6. Figure Out How To Use Malcolm Merlyn
There was a time when John Barrowman's Malcolm Merlyn genuinely terrified the Arrow audience. During his tenure as the Season 1 big bad and his brief appearances during Season 2, he carried with him a smug sense of menace, experience, and unmatched skill. However, his appearances on Arrow have become way too formulaic over the last two seasons; he appears from the shadows, effortlessly defends himself from some sort of attack, and then delivers heavy-handed exposition.

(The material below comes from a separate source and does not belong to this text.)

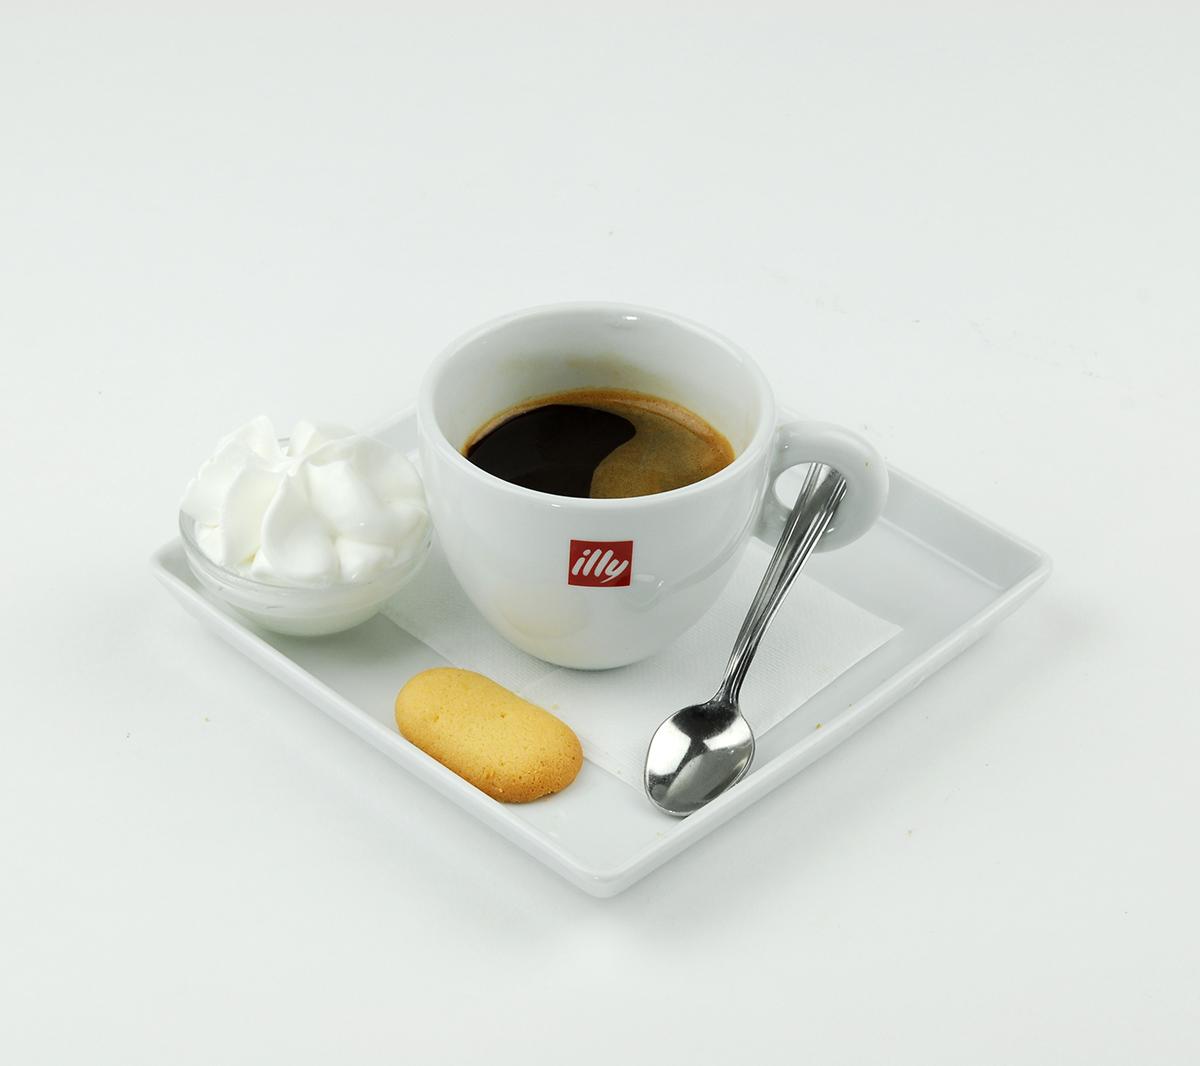 Illy kávé

All evidence seems to indicate that the rest of Season 4 will provide him with a more villainous role and a clearer sense of purpose, but Arrow needs to ensure that whatever it does with Malcolm, it must be definitive and substantive.
5. Bring Back The Training Sequences
Not just because we want to see Stephen Amell take his shirt off again. The training sequences used to play a major part in the Arrow narrative by offering a look into the lives of these heroes when not out on the streets fighting crime. These sequences not only showcase the dedication of these characters to their line of work, but they lend a sense of believability to their impressive athletic abilities. Oliver Queen now lives in a world populated by metahumans and nearly omnipotent magical beings; we as an audience need to see him preparing for increased threats. Show us how Team Arrow trains together as a unit, or better yet, show Oliver sparring with someone like Grant Gustin's Barry Allen because they can help each other get faster and more skilled, respectively.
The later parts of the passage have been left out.